Young journalists should begin, not rebel against the newspaper revolution
I just can't take it anymore.
It seems like most of the young journalists I meet (some still in school, others just graduated) are rebelling against rather than leading the revolution to make news media successfull in the future.
Why?!?!?!
This article on HigherEd.com discusses how schools are lagging behind the real world of media: less college newspapers than professional newspapers have Web sites, students are not taught what they are expected to know when graduating and so on...
And, in talking with older journalists, they don't get it. Almost always they talk about how the older newspaper folks are faced with relearning how to work online and how young journalists are lucky because they know how to work online.

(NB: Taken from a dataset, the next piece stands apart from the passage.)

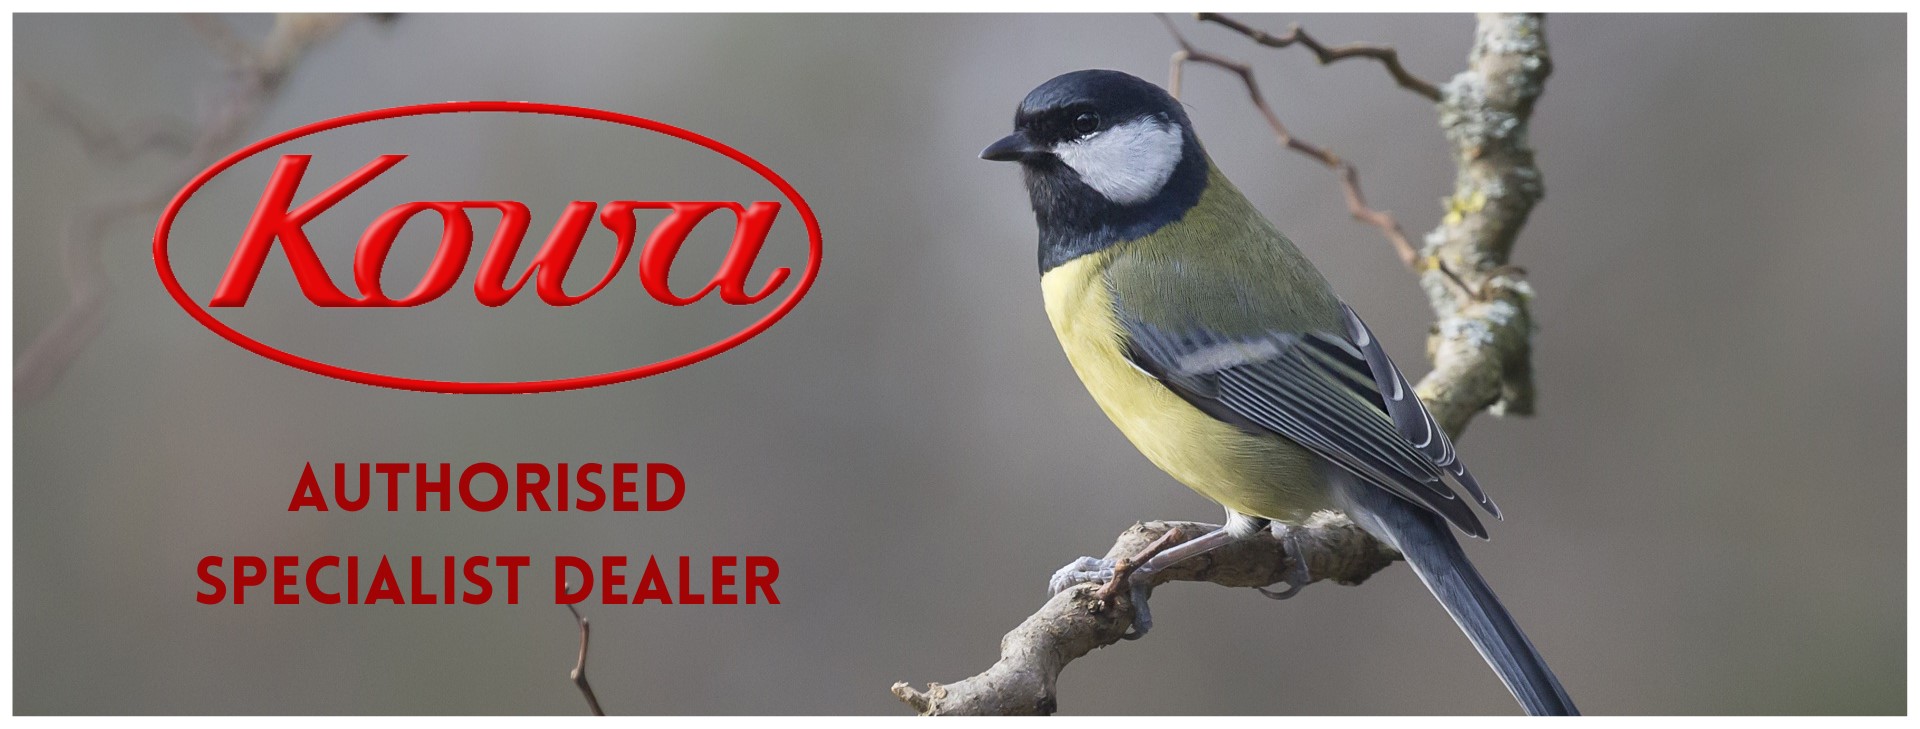 ace optics is a kowa authorised dealer. bird picture

NOT TRUE!Look around your newsroom: how many of the young journalists know how to post their stories, photos, graphics, interactive Flash projects, related stories, etc. to the web? How many young journalists even know how to use the web better than their old editors?

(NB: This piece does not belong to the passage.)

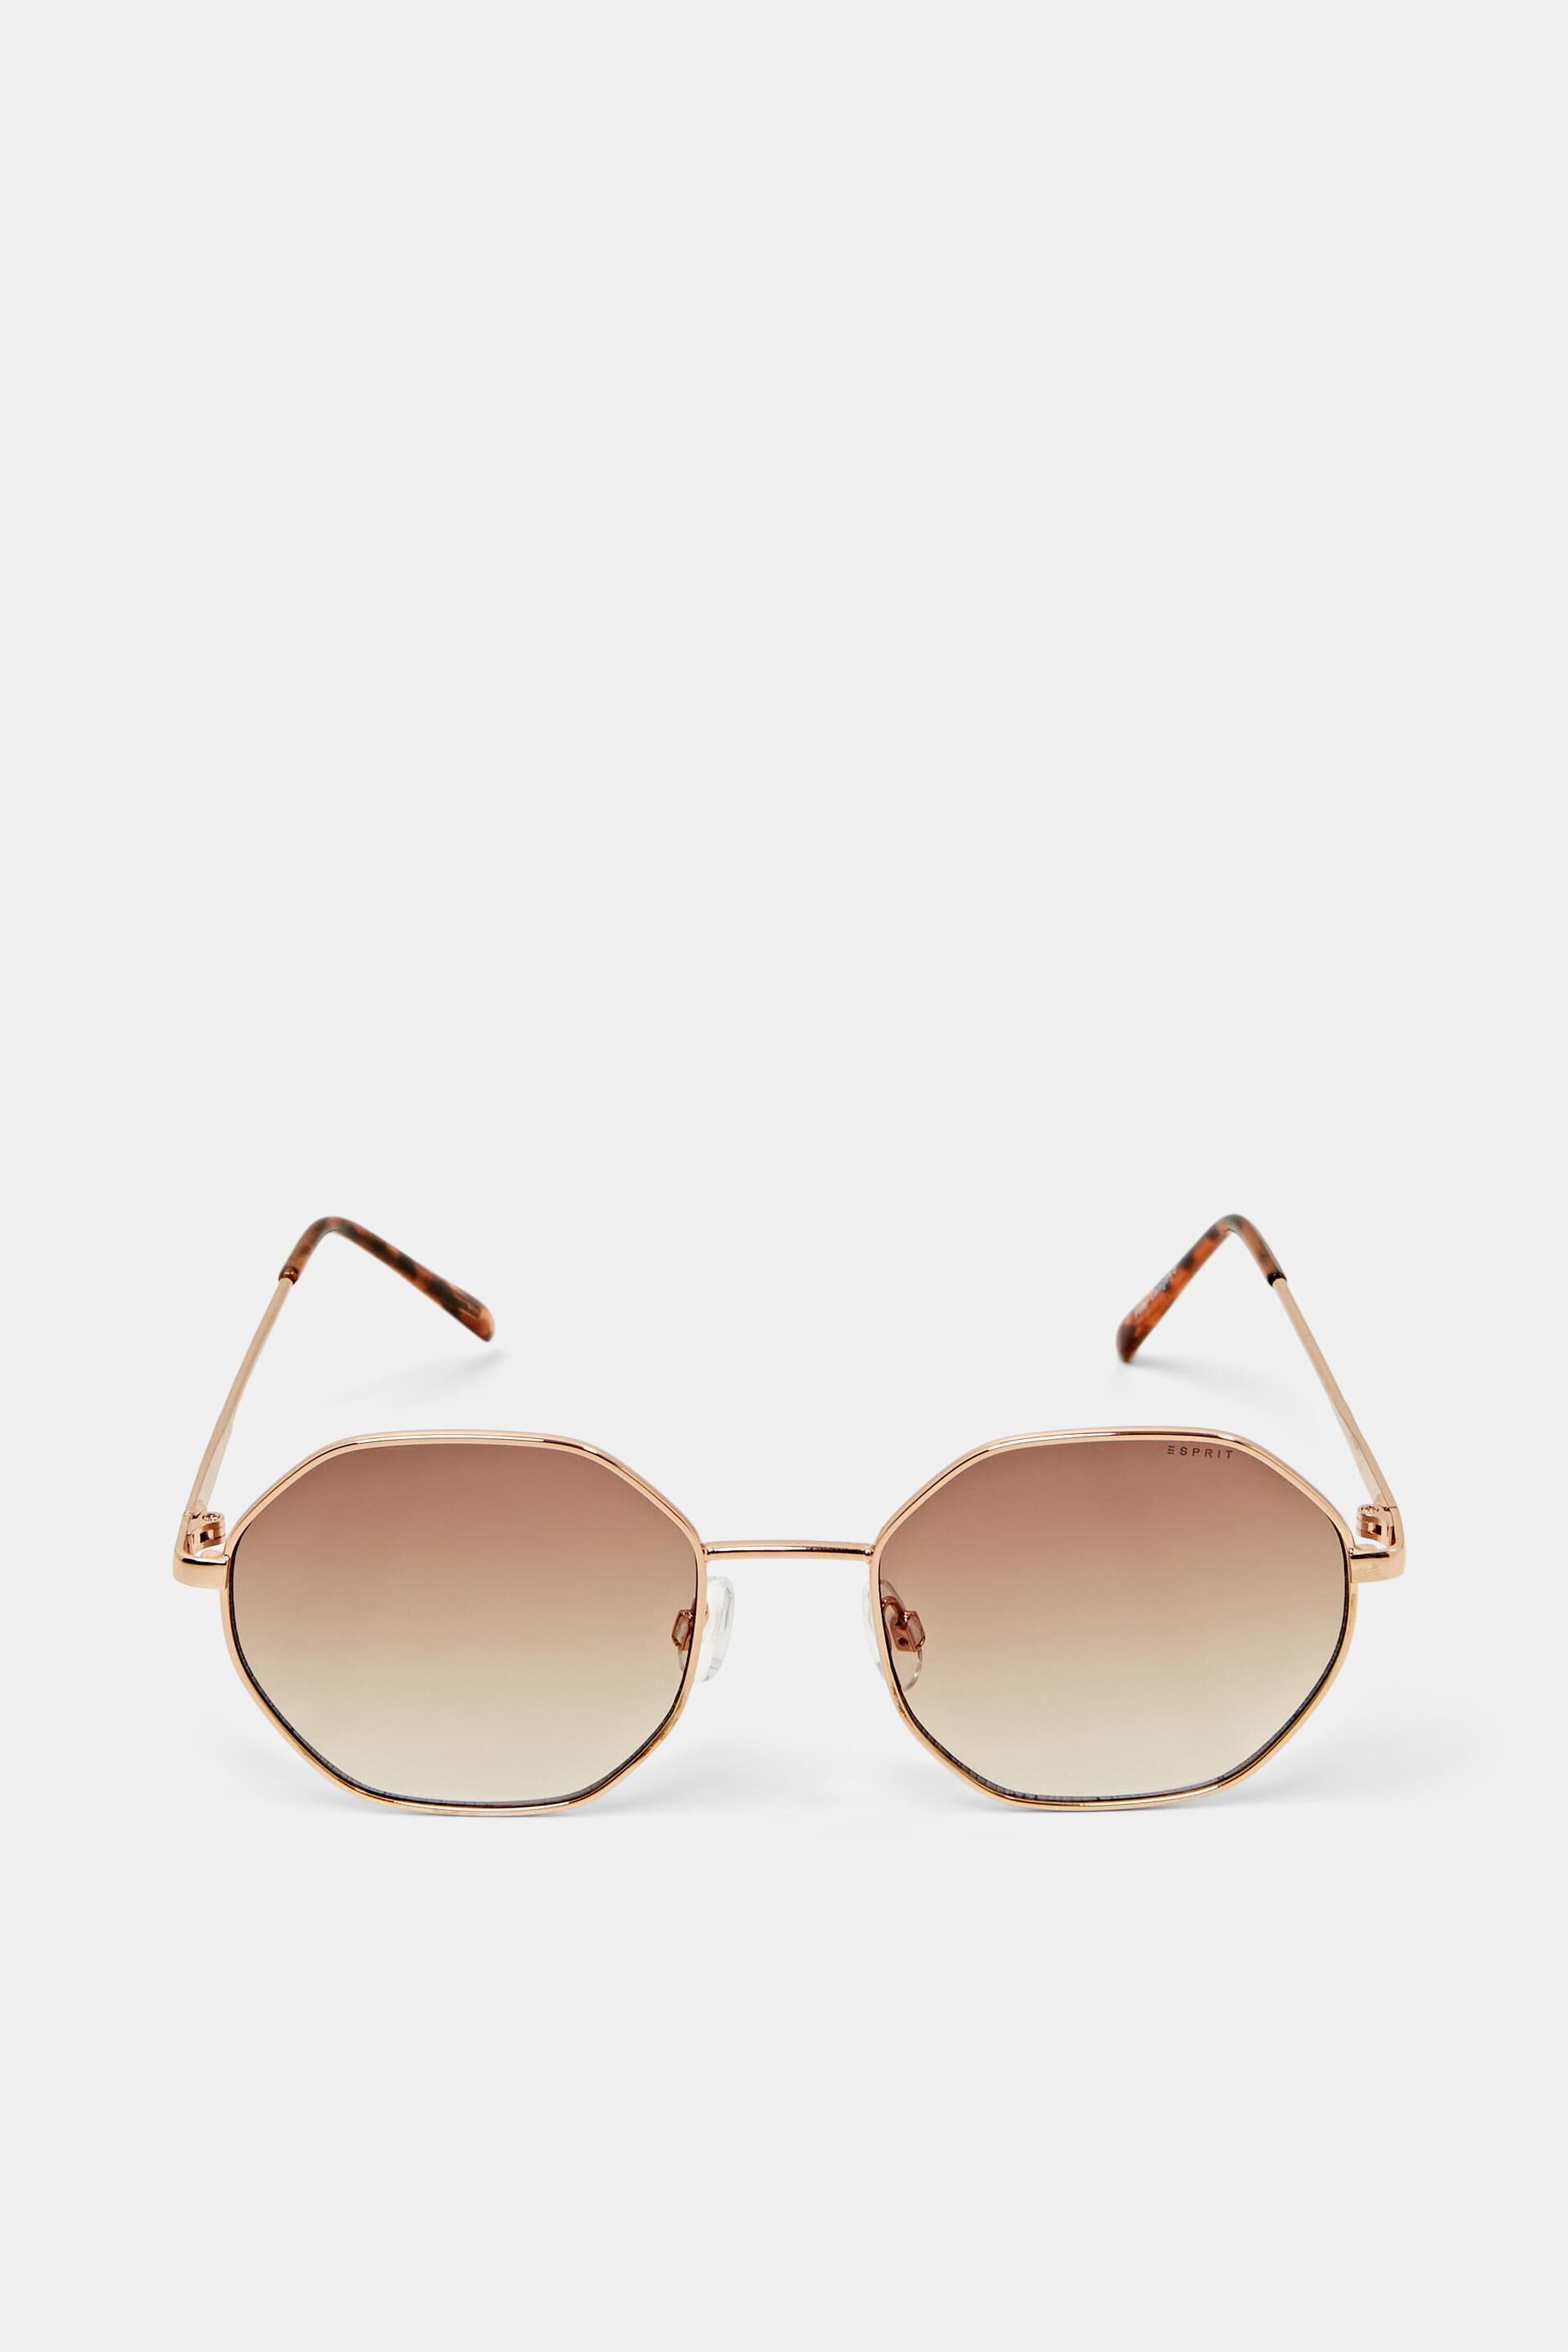 Esprit filigree with Sunglasses frame metal gold

I recently was job shadowed by six different high school students. One student said her newspaper at school had a Web site and another was working on starting one - but both said they were relying on one non-journalism web braniac to actually build and run the Web site.
Come on guys! We need professors to get off their butts and teach new media and new job skills, we need students to not focus on how to be a reporter in 1970 and instead 2010 (when they'll likely graduate) and we need those of us who recently graduated to find a way ourselves (management won't always do it for us) of learning how to lead in this internet-journalism revolution!